▸ **INPUT DATA**

▽

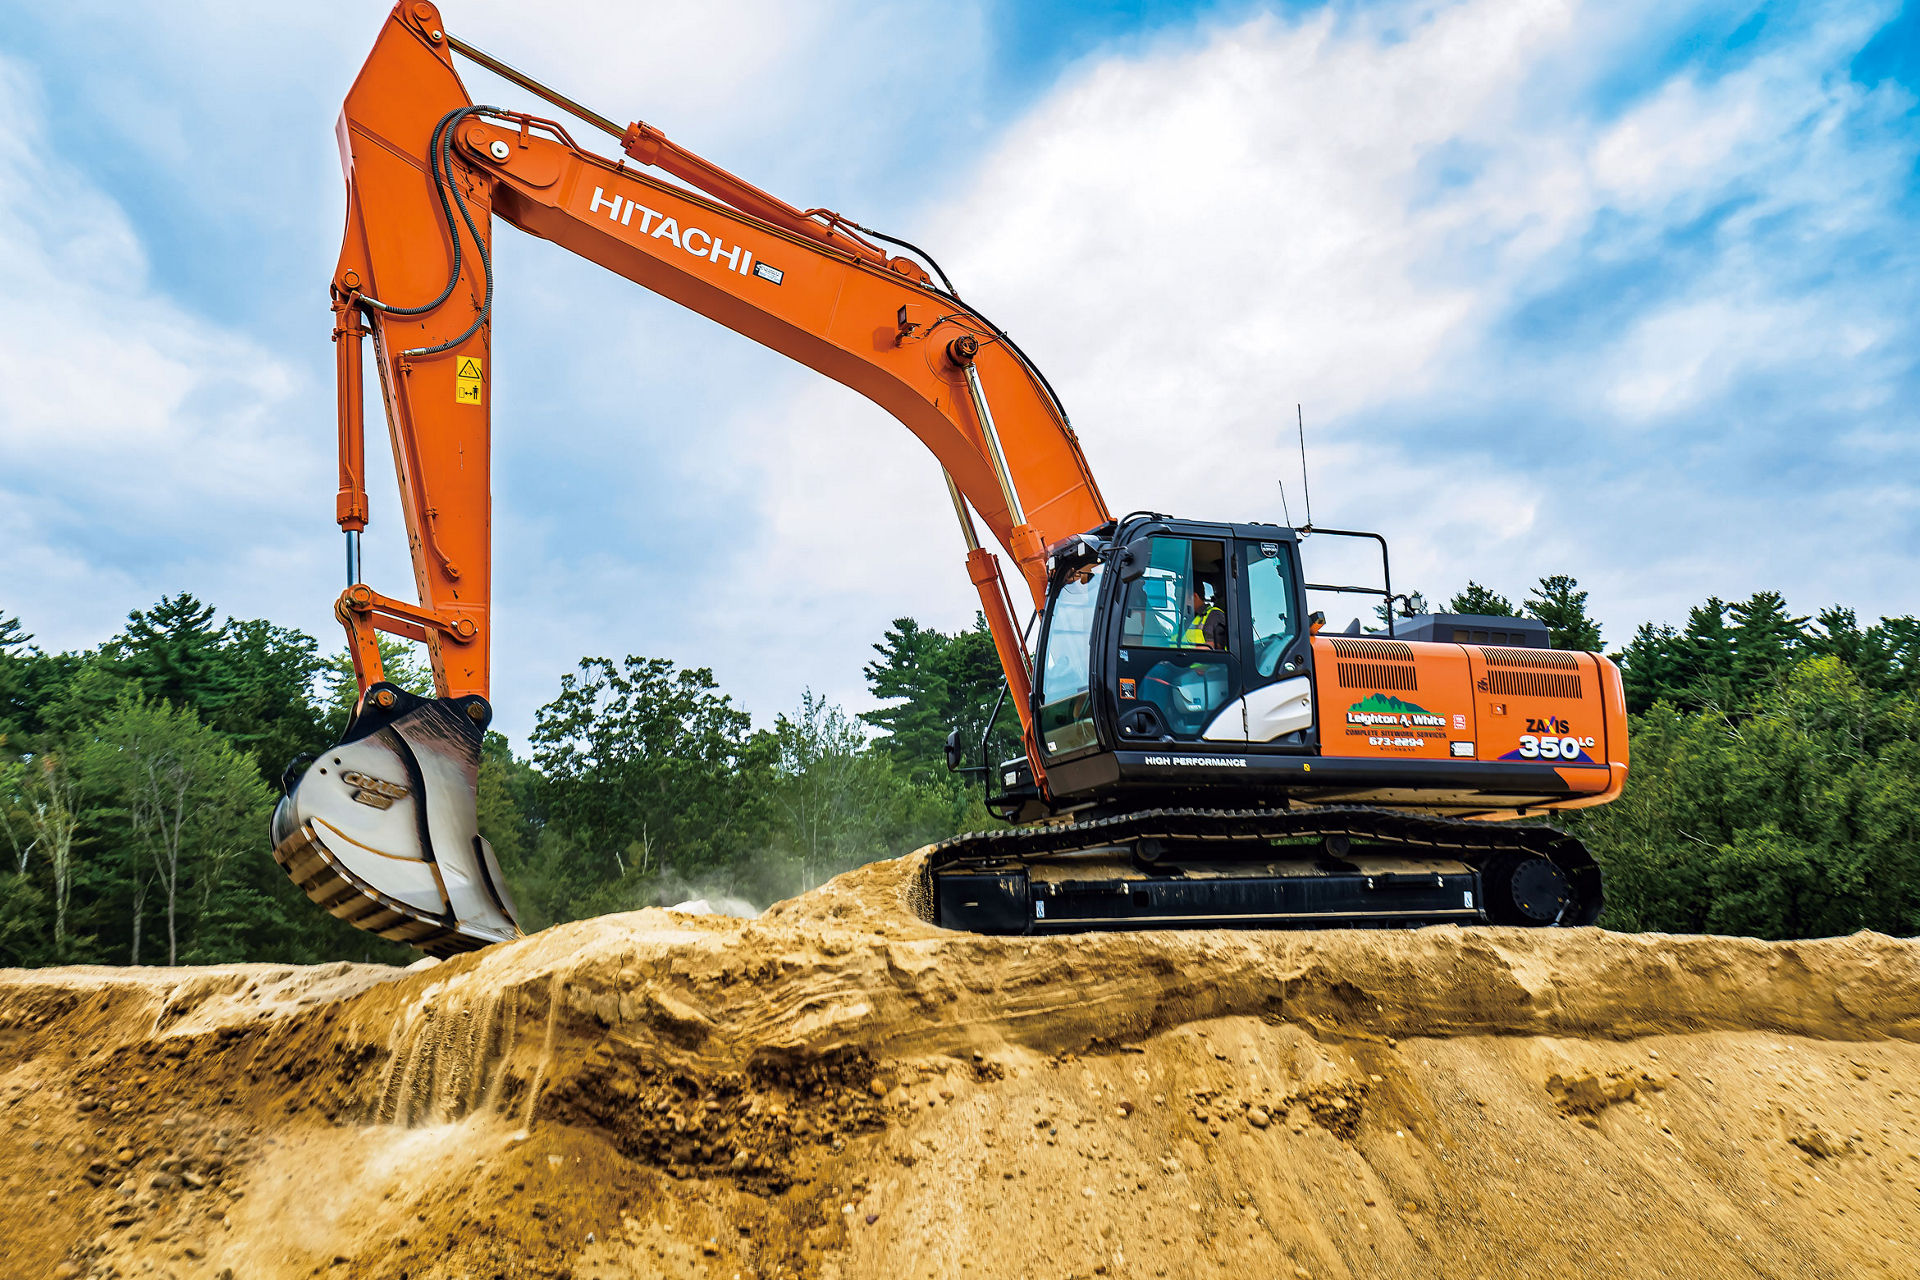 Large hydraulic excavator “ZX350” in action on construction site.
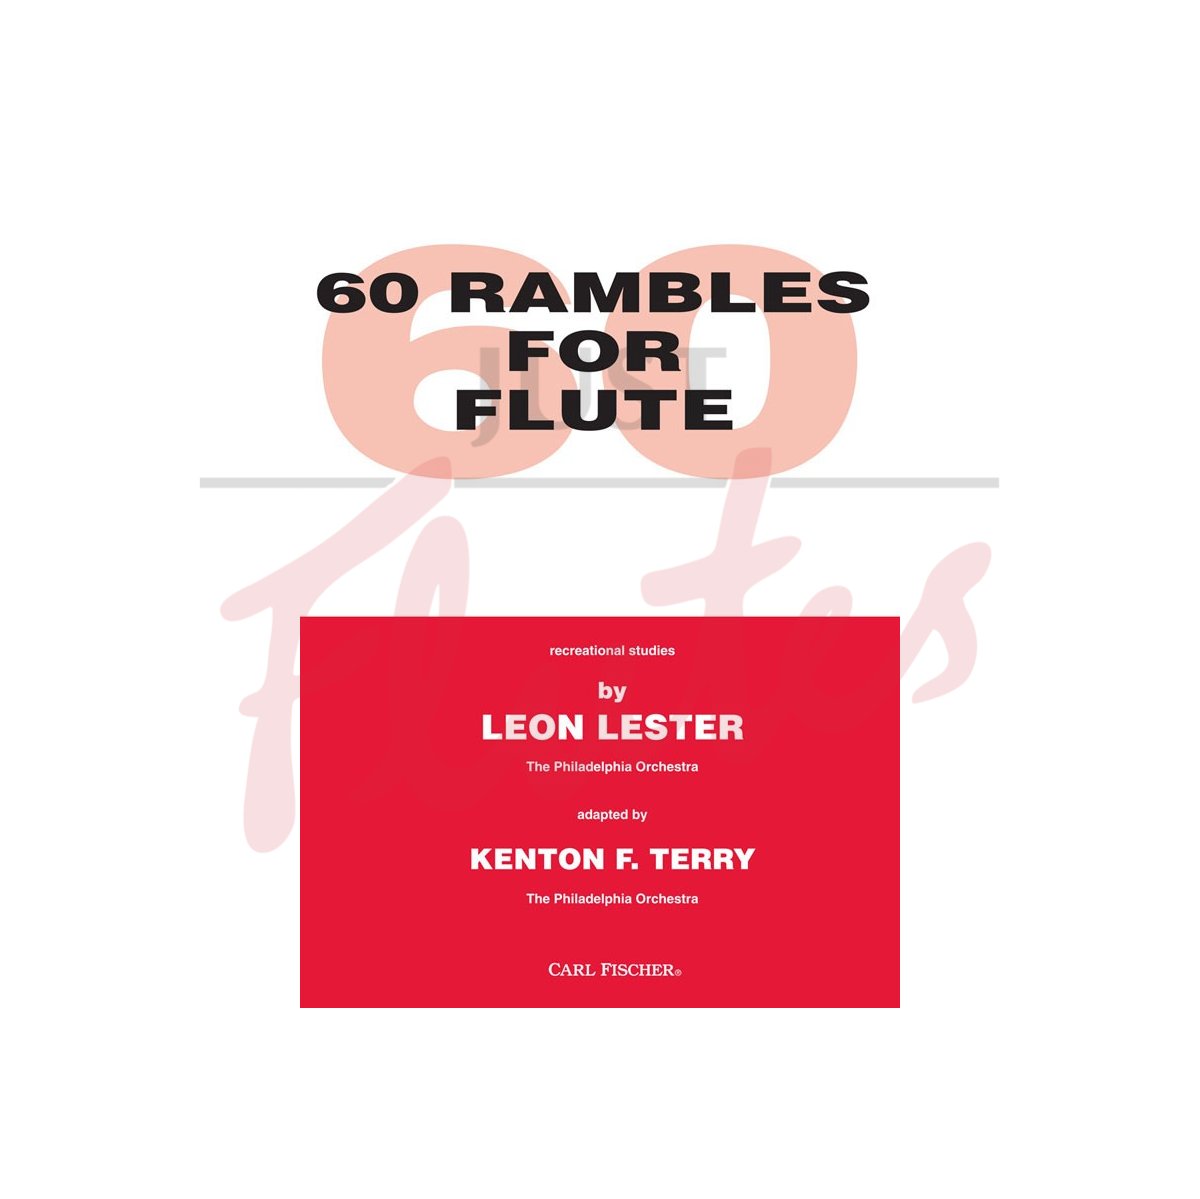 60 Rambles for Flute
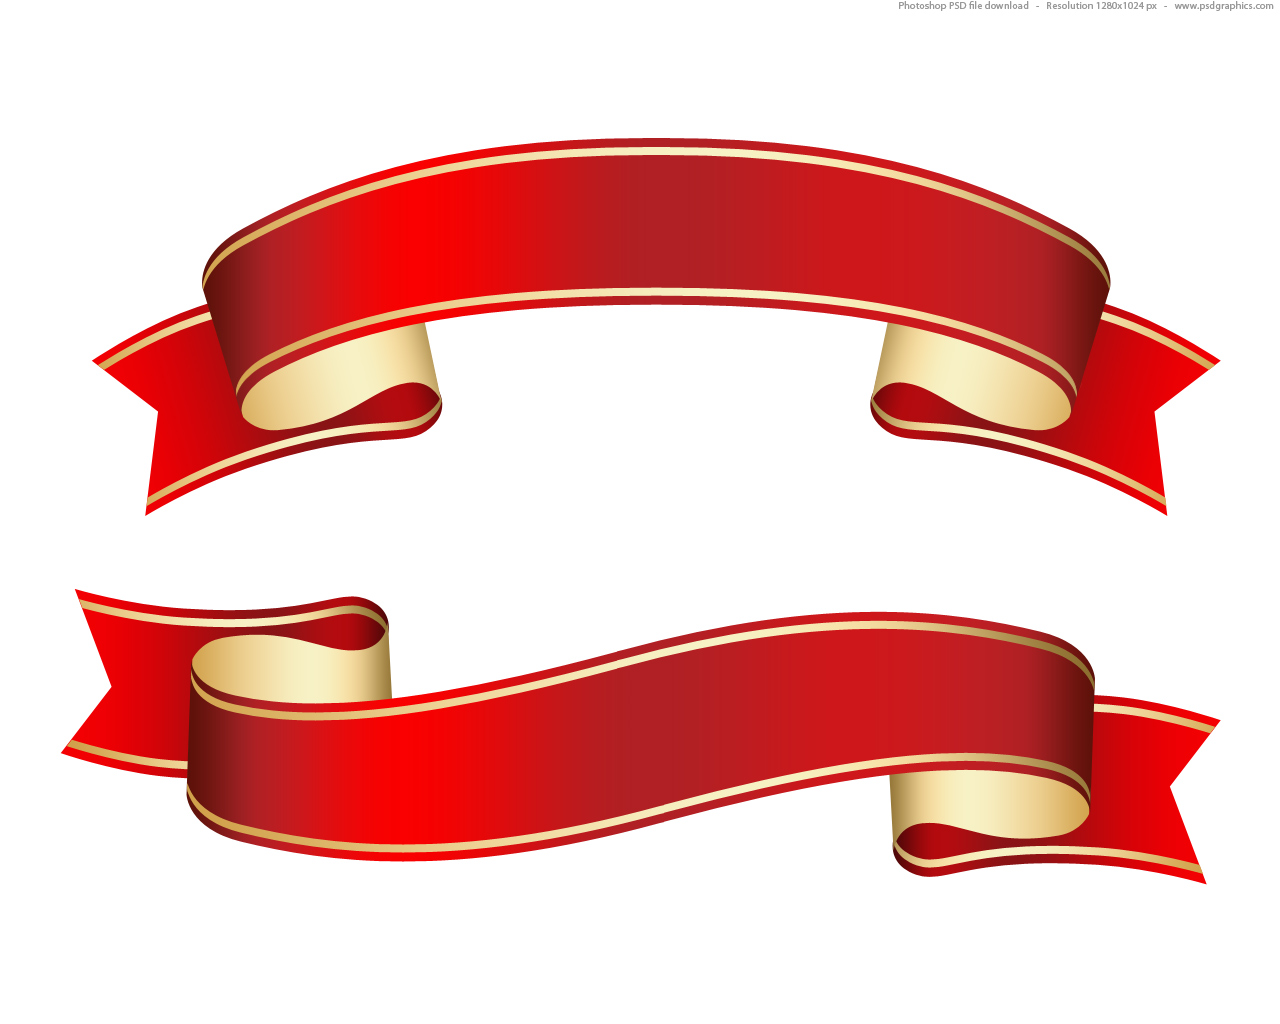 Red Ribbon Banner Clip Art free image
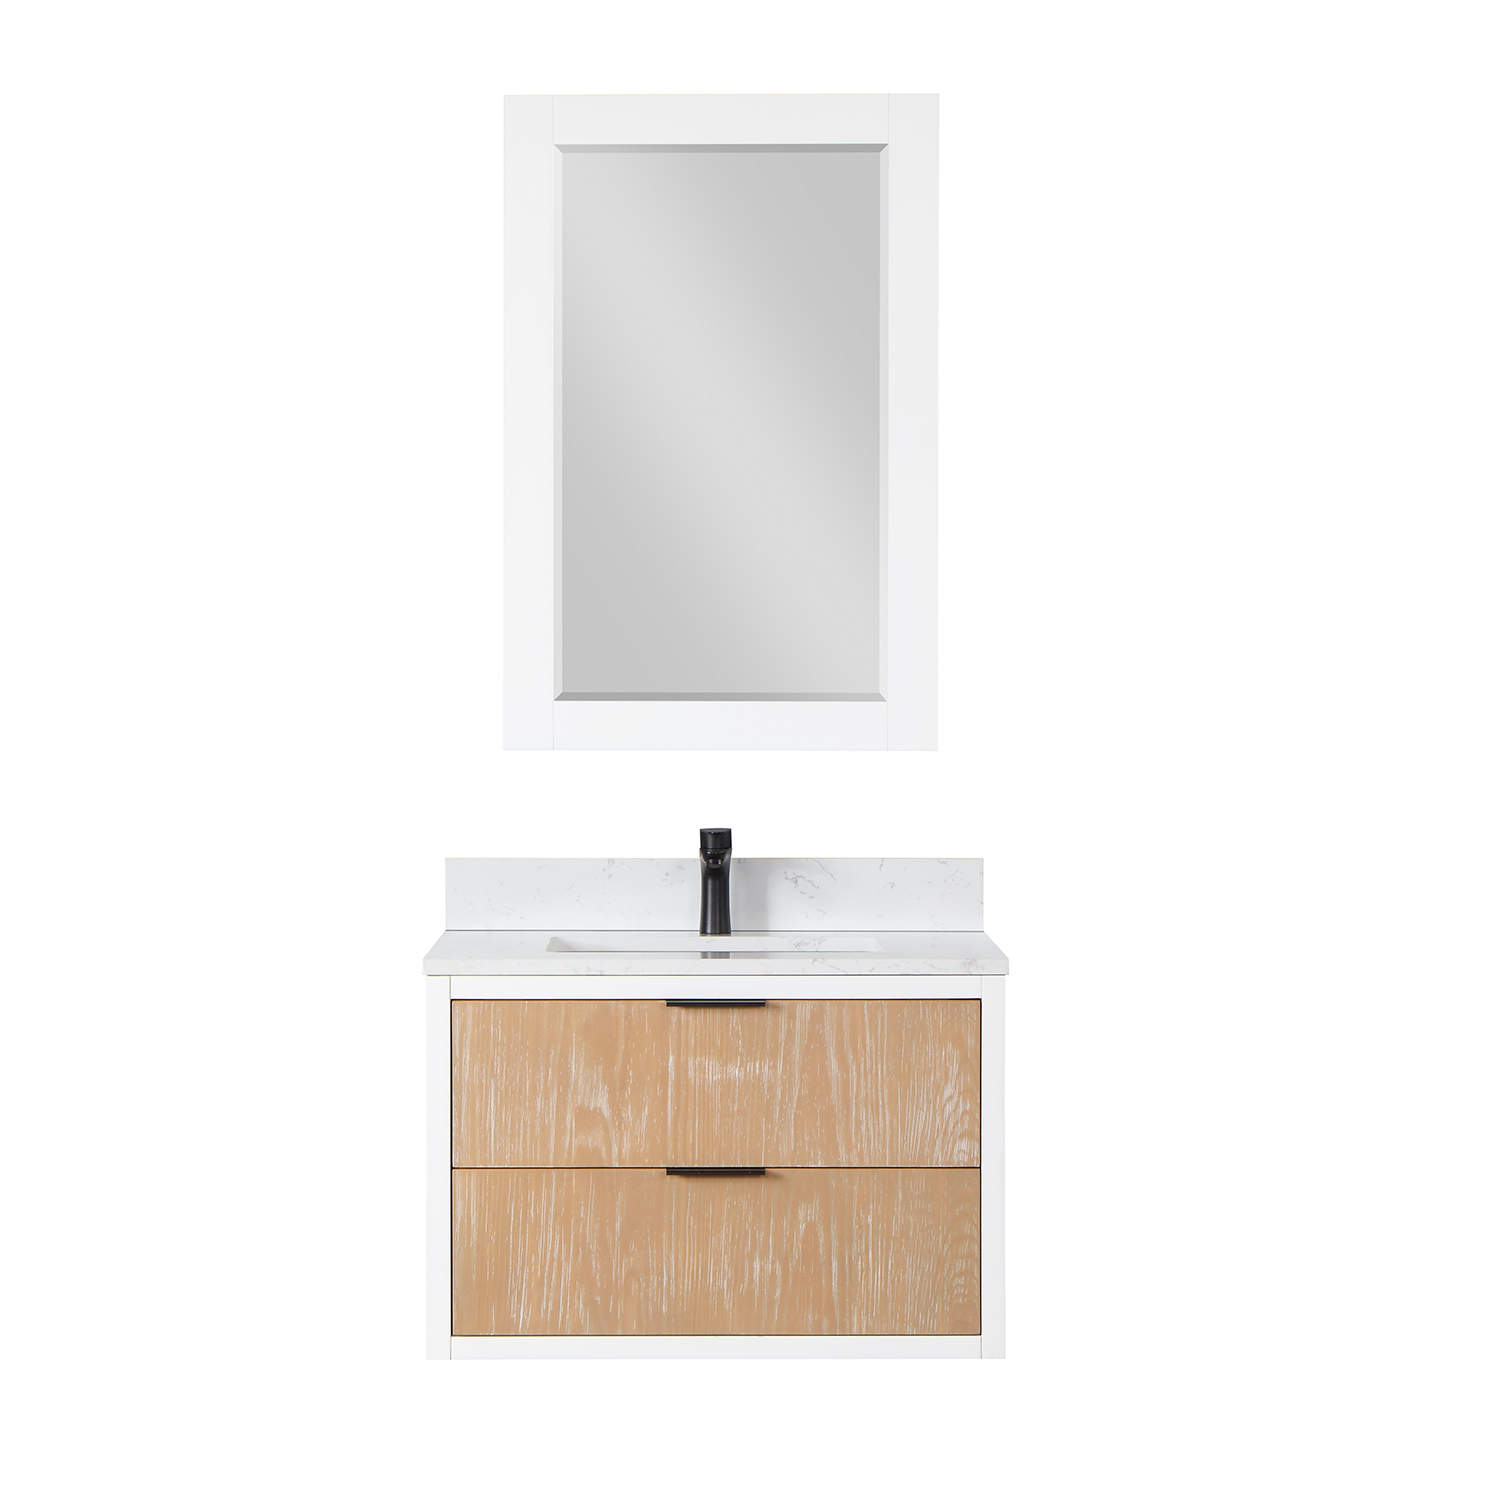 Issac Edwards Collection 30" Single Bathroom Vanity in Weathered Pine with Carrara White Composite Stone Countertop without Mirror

△

▸ **YOUR GOAL**
The copy should begin at the line containing "Red Ribbon Banner Clip Art free image" and end at the last line of the data above; please restate those lines word for word without the pictures.

▸ **OUTPUT FOR THIS TASK**
 Red Ribbon Banner Clip Art free image
 Issac Edwards Collection 30" Single Bathroom Vanity in Weathered Pine with Carrara White Composite Stone Countertop without Mirror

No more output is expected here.